══ Supplied material

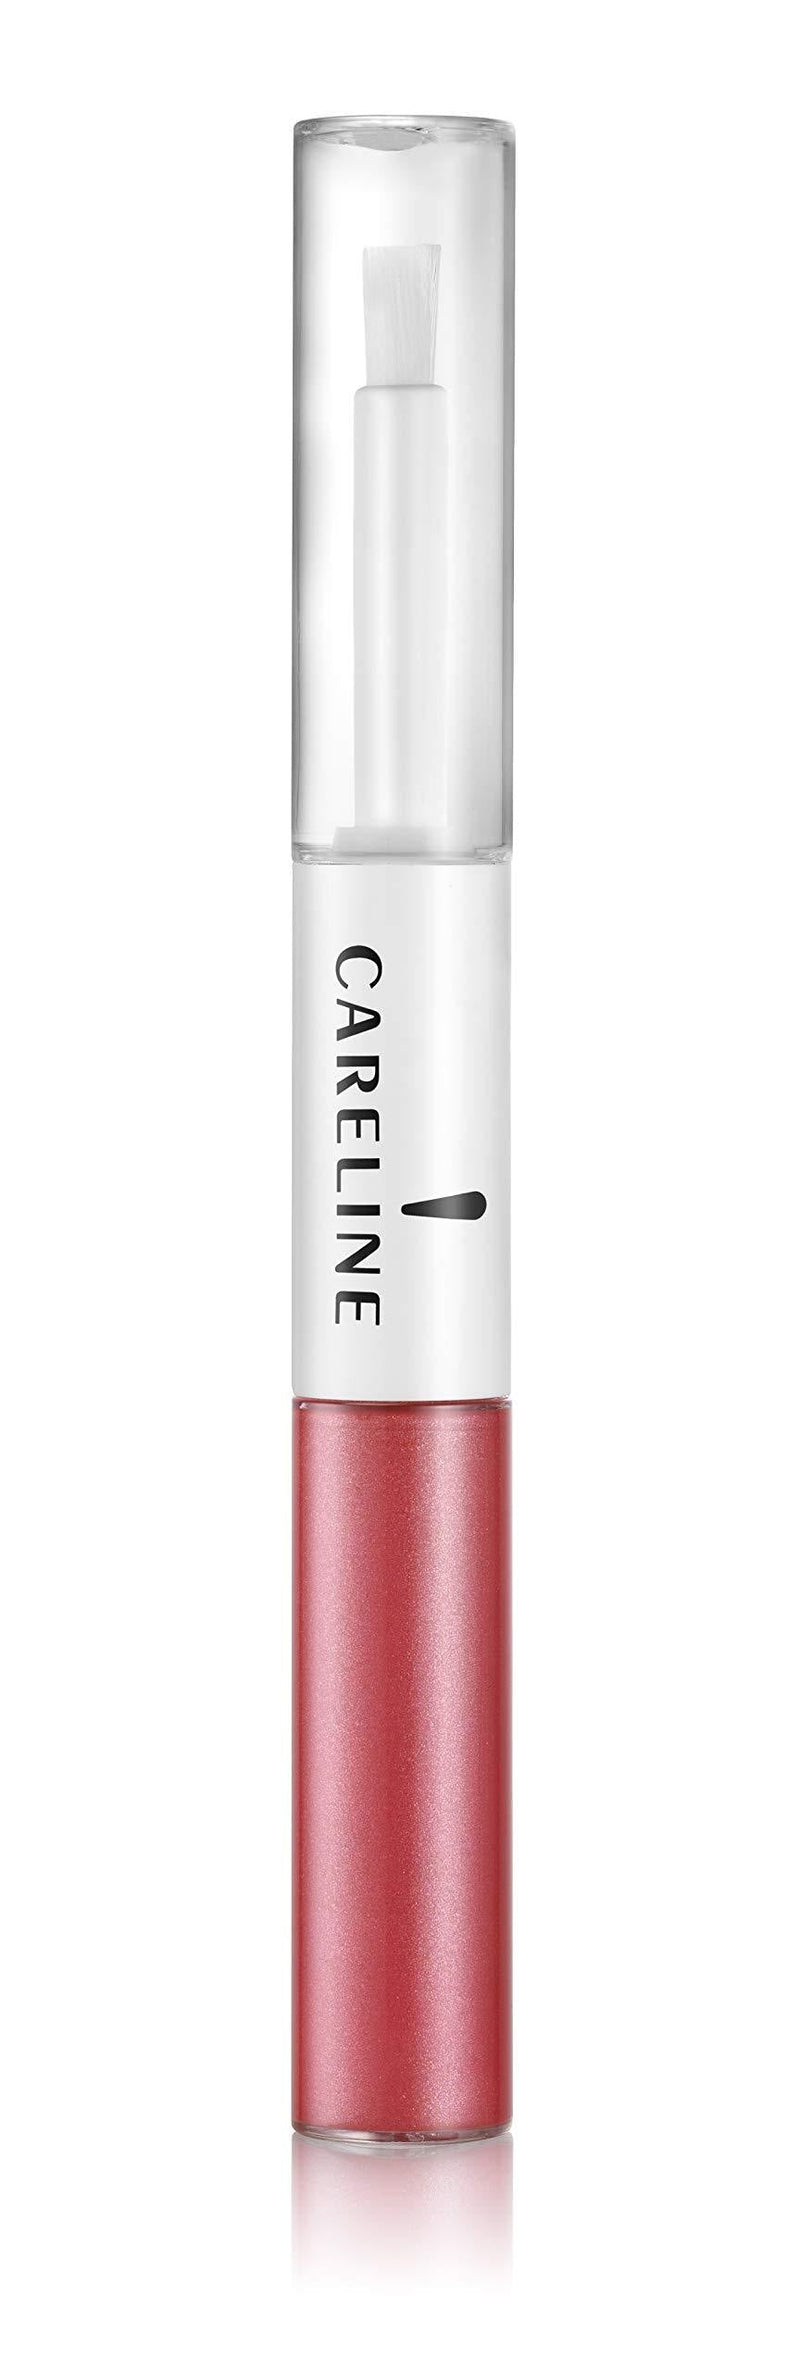 [Australia] - Careline Lip Color Everlast #718 Pink Coral, 1 count (SG_B00V3MHV92_US) 718 
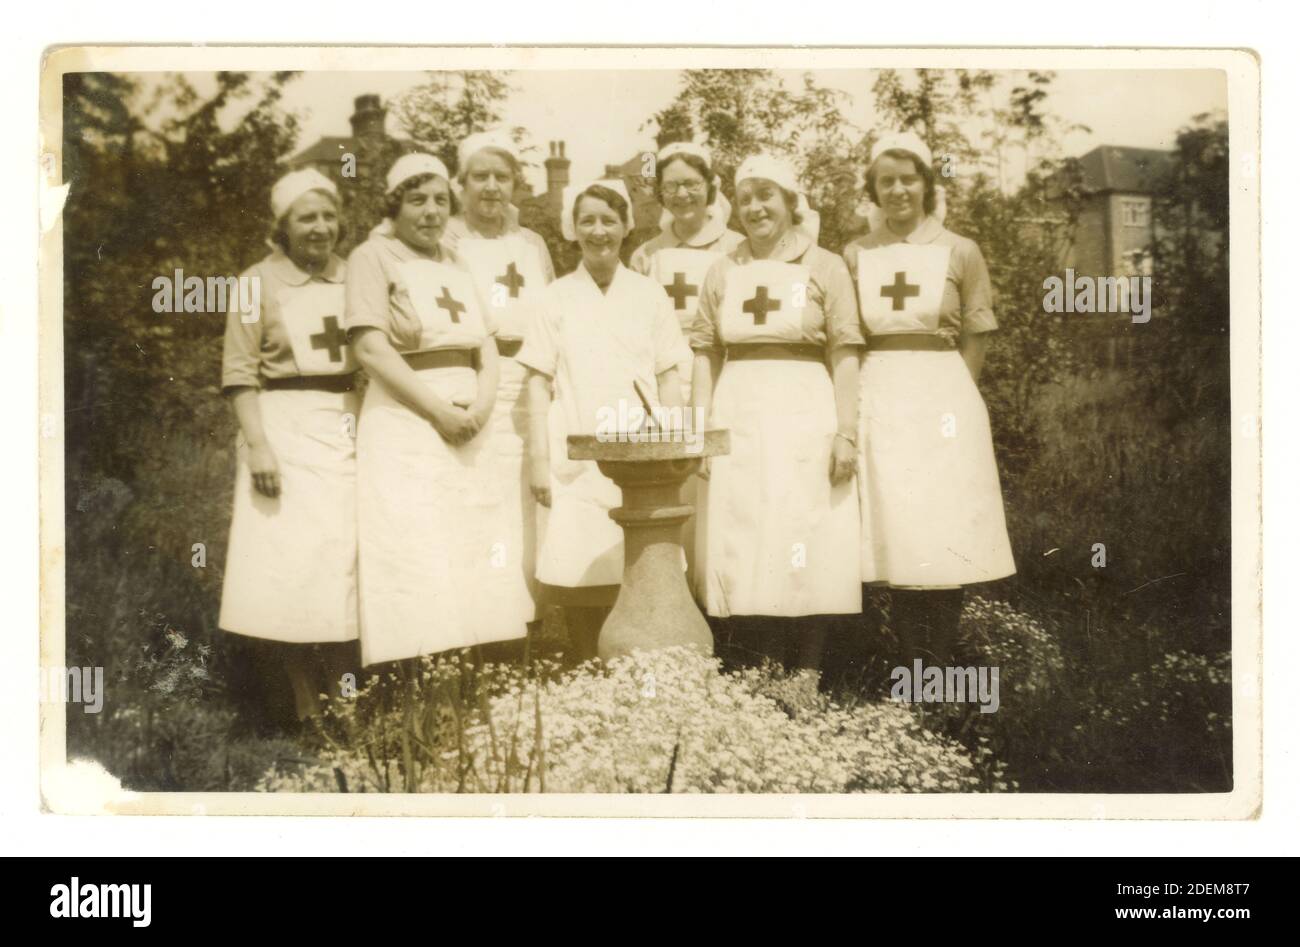 Cartolina originale post seconda guerra mondiale di gruppo di infermieri sorridenti che indossano uniformi rosse a croce, datata luglio 1946 Foto Stock
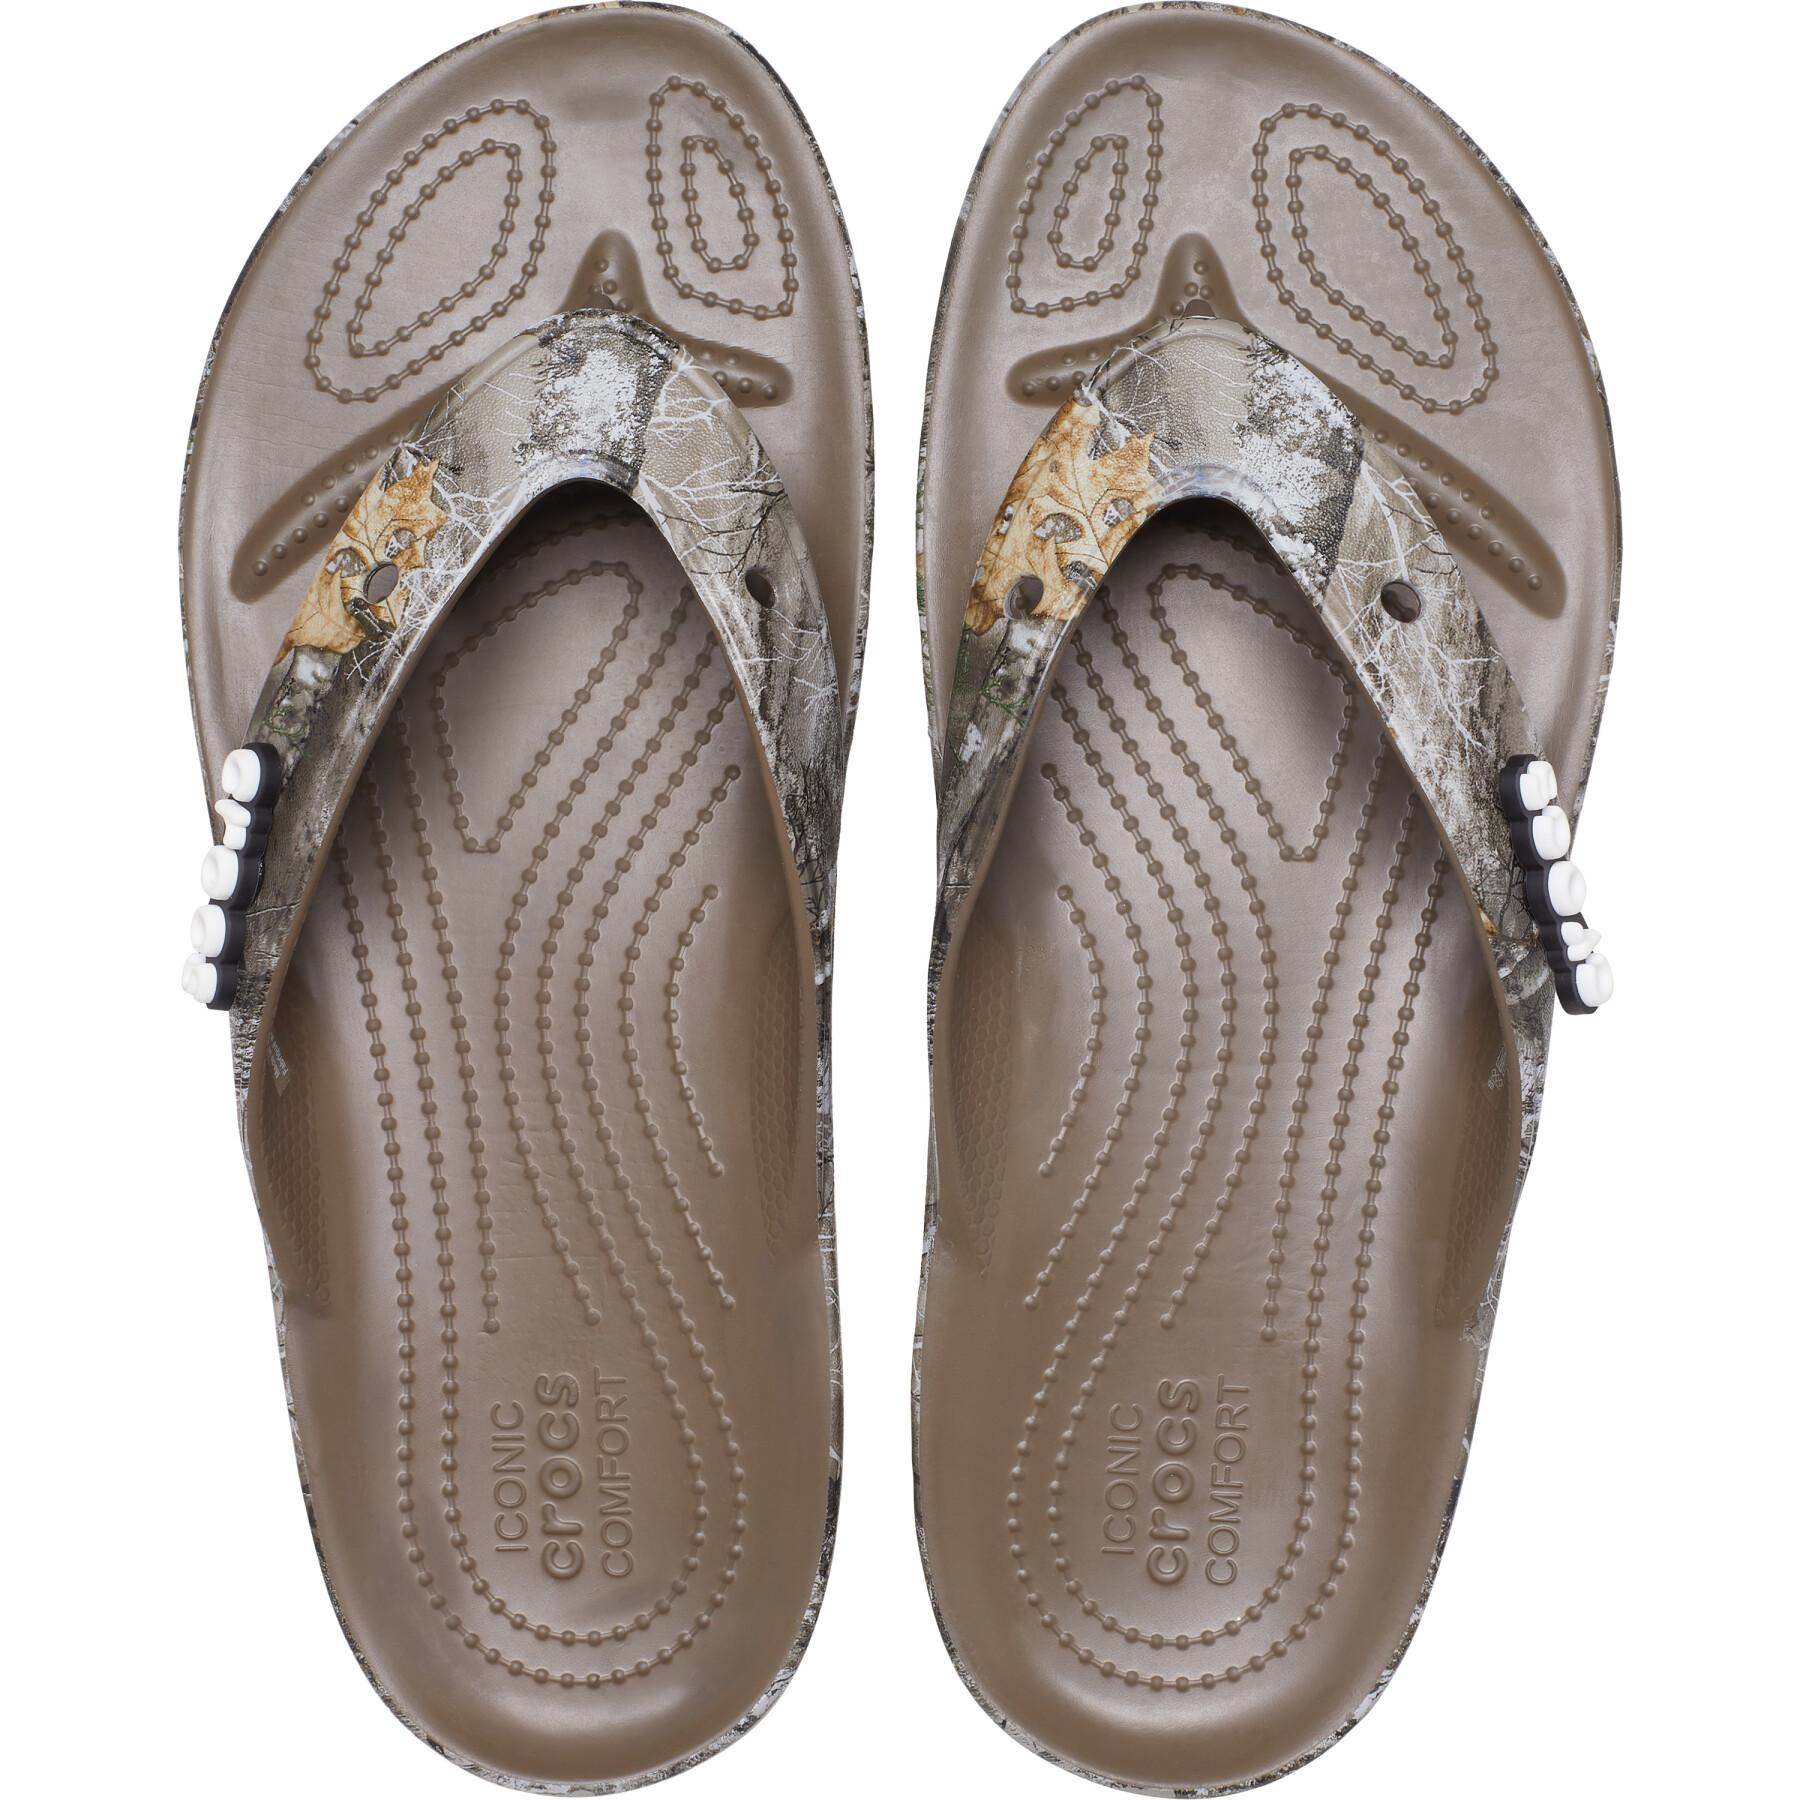 Children's flip-flops Crocs Realtree All Terrain

════

◆ What needs to be done ◆
With the pictures set aside, return each line of the listing exactly as given.

◆ Expected answer ◆
 [Australia] - Careline Lip Color Everlast #718 Pink Coral, 1 count (SG_B00V3MHV92_US) 718 
 Cartolina originale post seconda guerra mondiale di gruppo di infermieri sorridenti che indossano uniformi rosse a croce, datata luglio 1946 Foto Stock
 Children's flip-flops Crocs Realtree All Terrain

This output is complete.